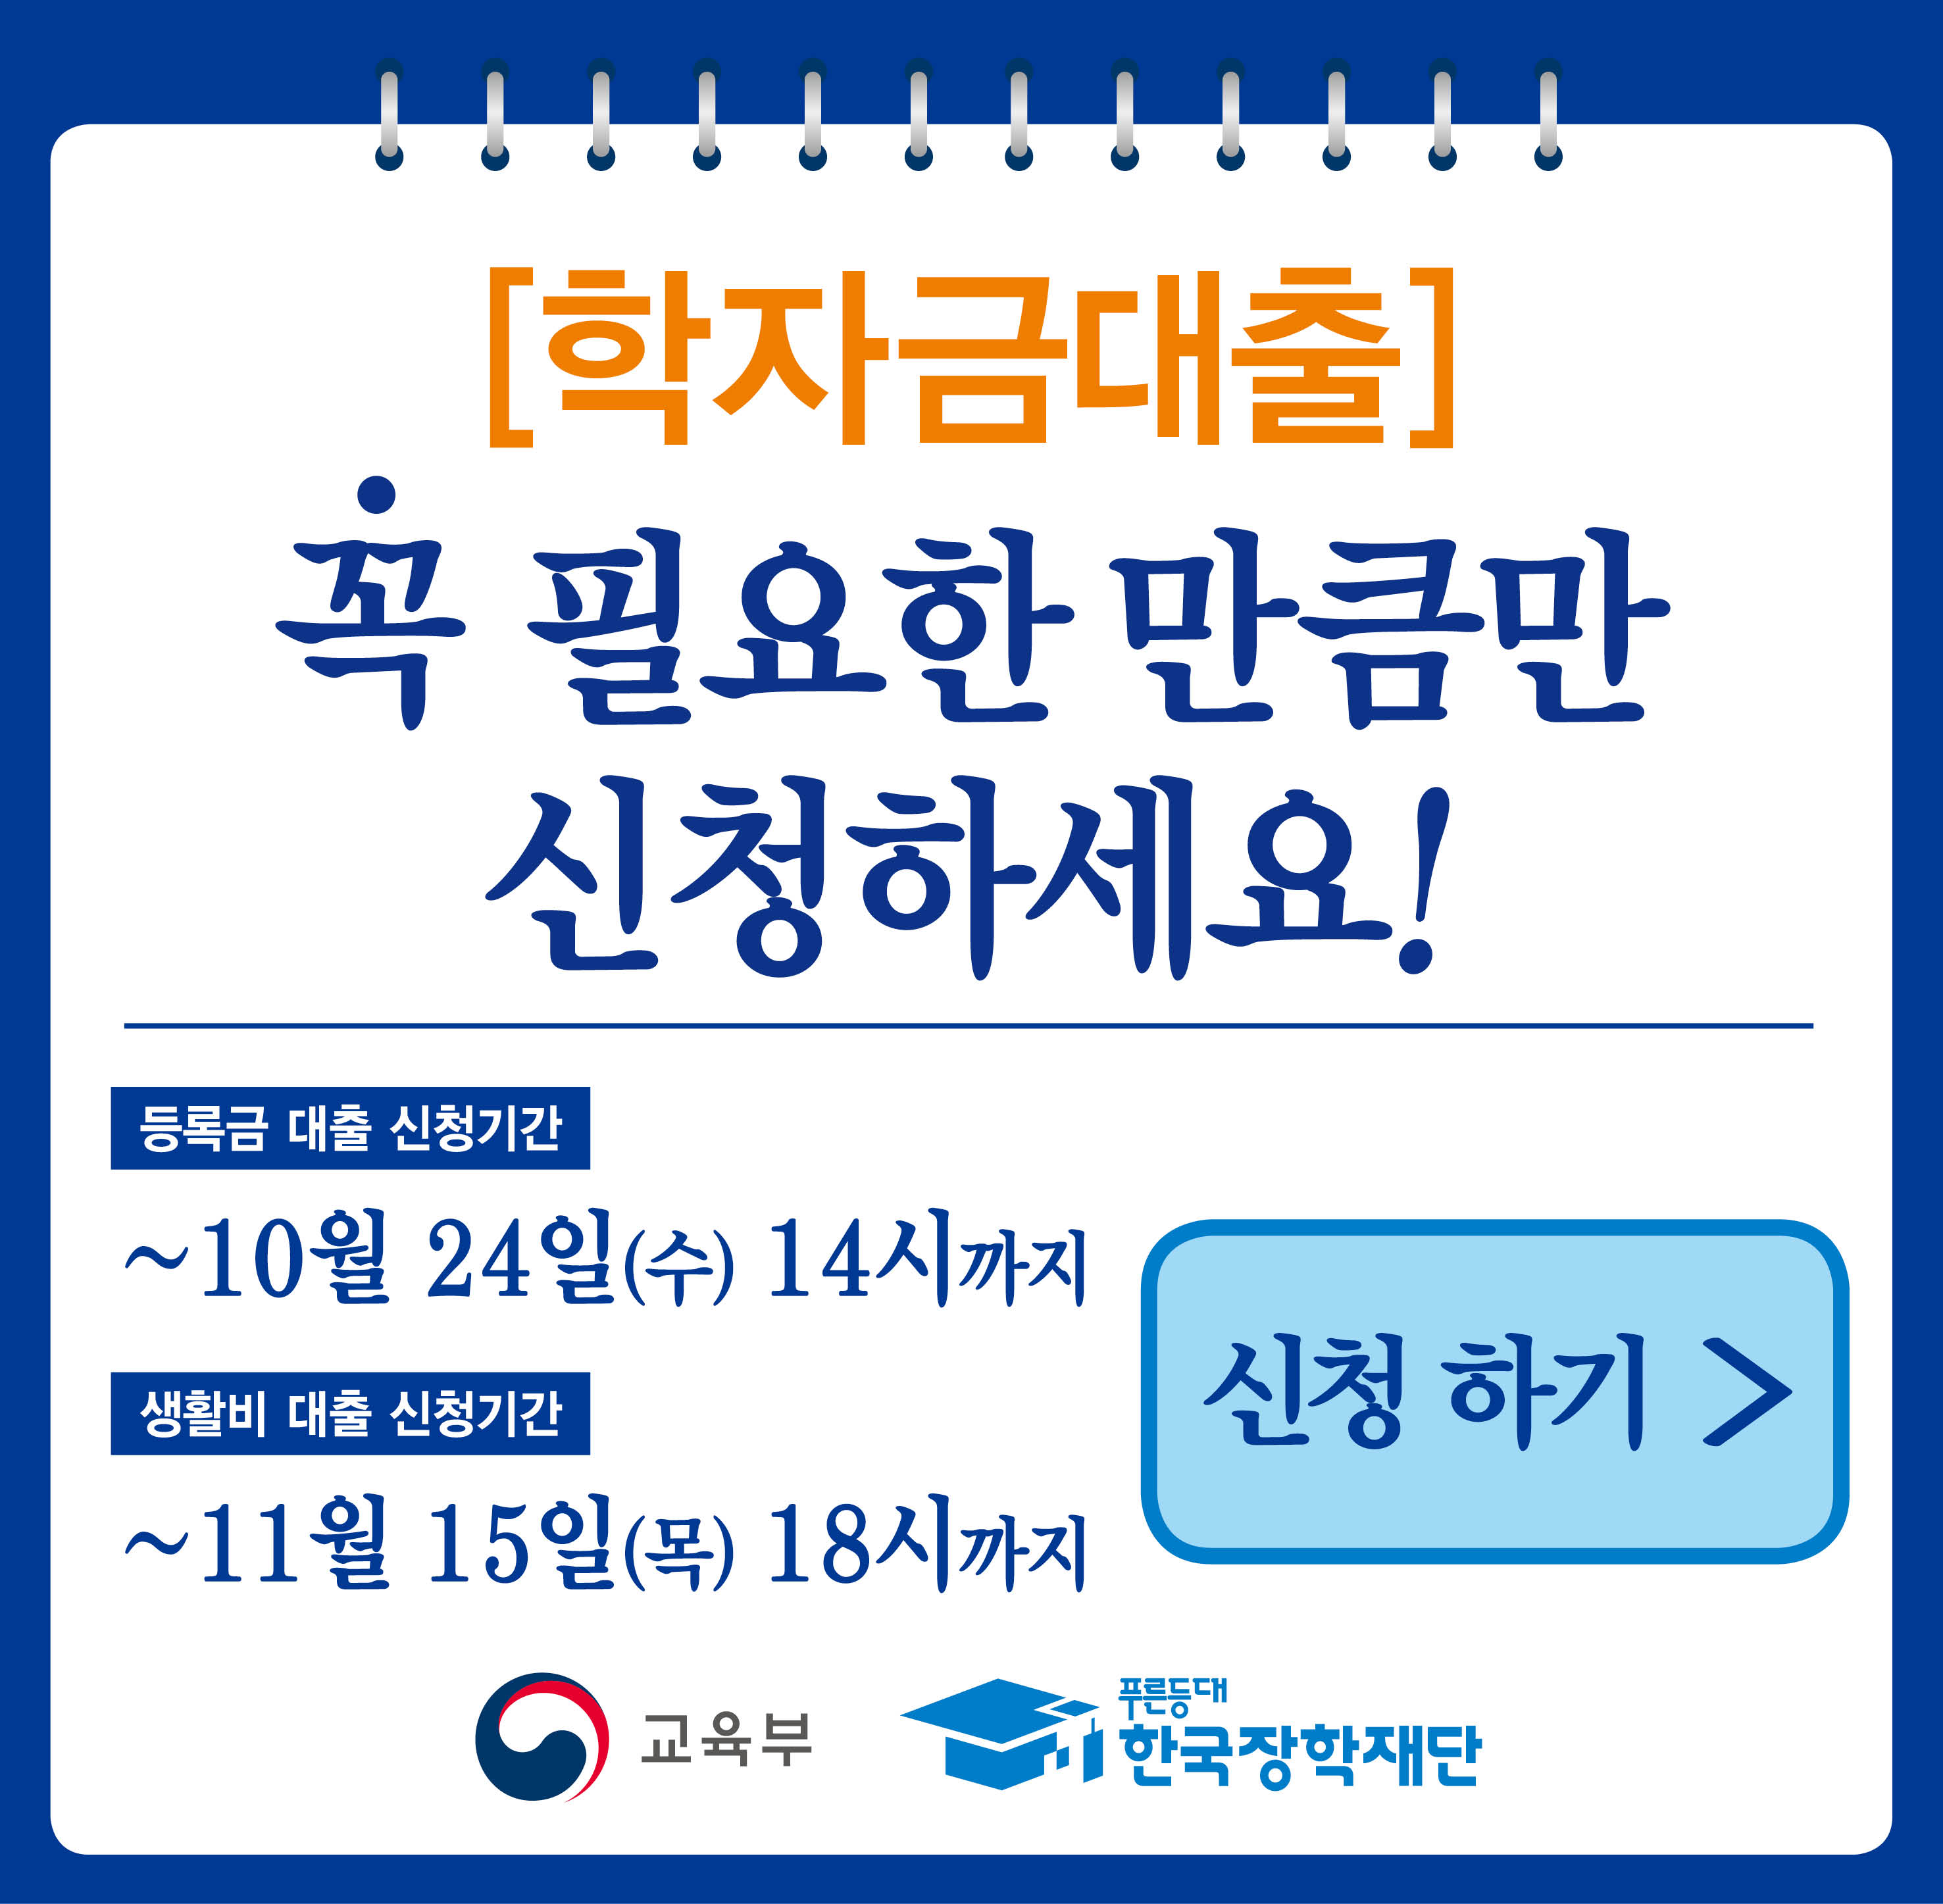  (붙임3) 2학기 학자금대출 팝업 최종.jpg
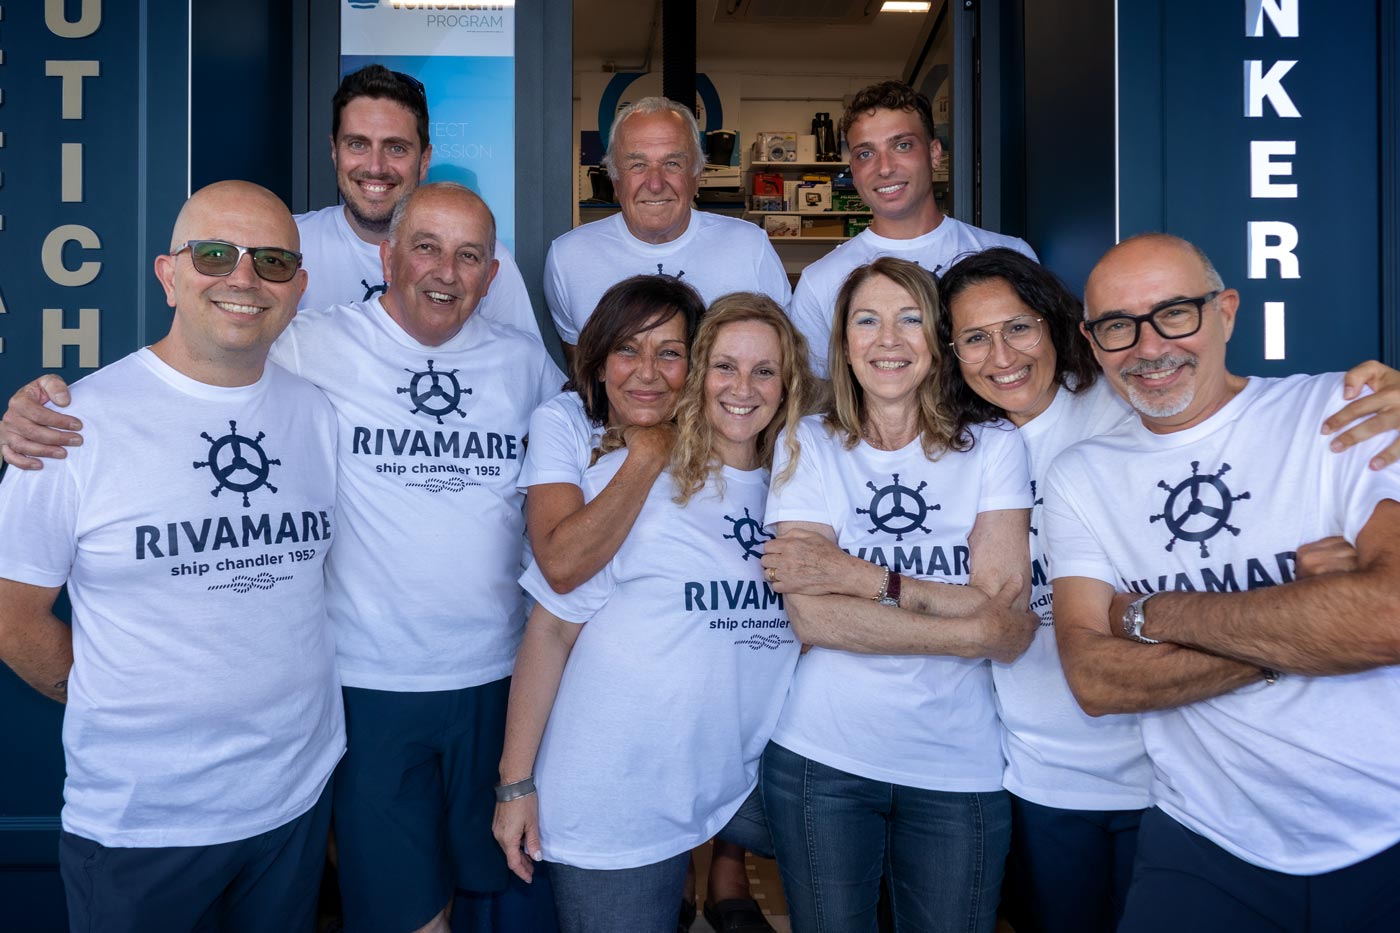 Team Rivamare attrezzature nautiche
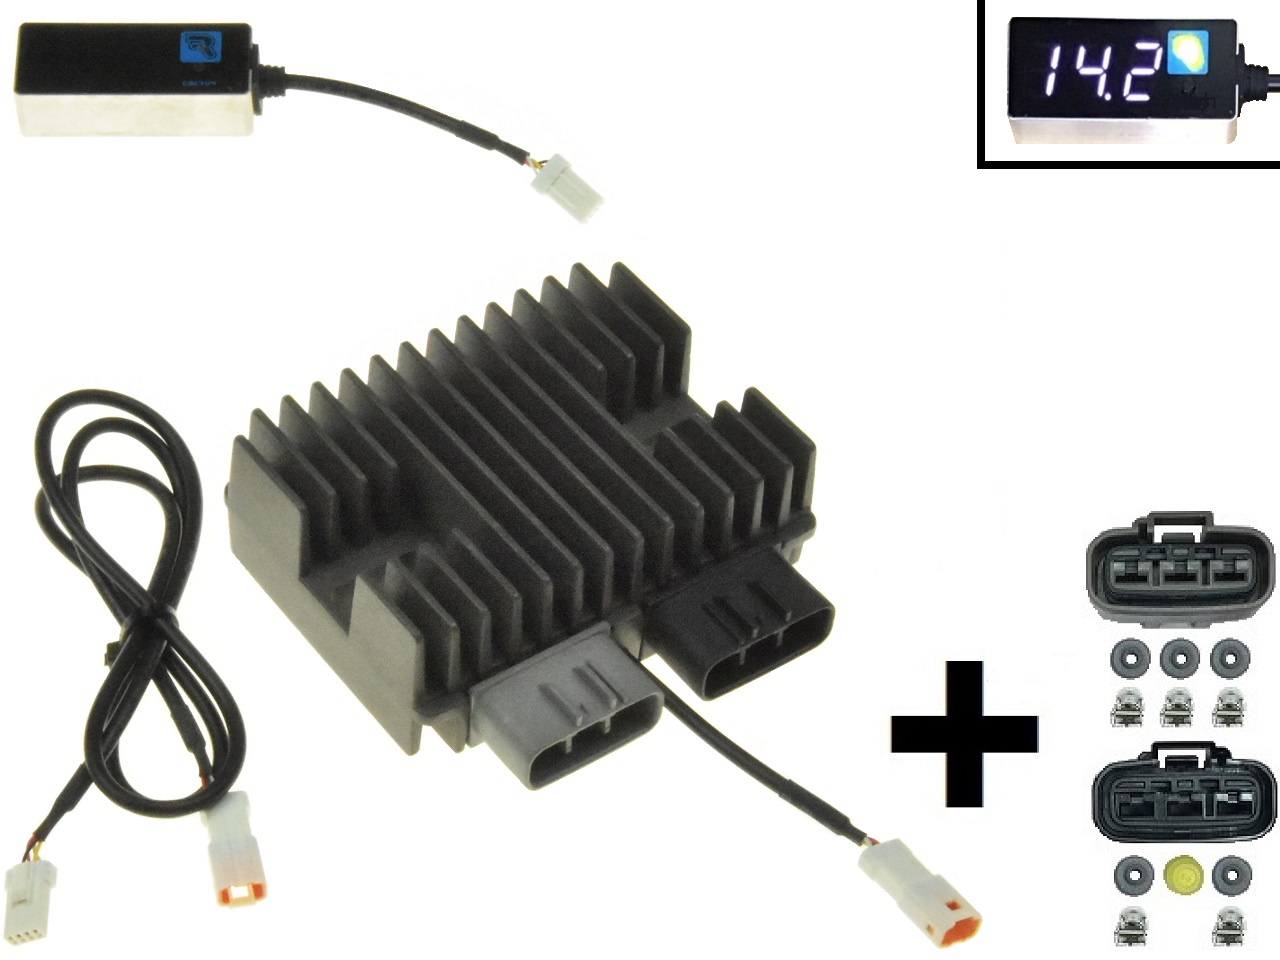 CARR5925-SERIE - MOSFET SERIE SERIES + Raddrizzatore del regolatore di tensione (migliorato SH847) 12V/50A/700W + connettori - Clicca l'immagine per chiudere

What you should do:
Set down word for word, from the line that contains "Team Rivamare attrezzature nautiche" to the end of the listing above, every line and no picture.

Task result:
 Team Rivamare attrezzature nautiche
 CARR5925-SERIE - MOSFET SERIE SERIES + Raddrizzatore del regolatore di tensione (migliorato SH847) 12V/50A/700W + connettori - Clicca l'immagine per chiudere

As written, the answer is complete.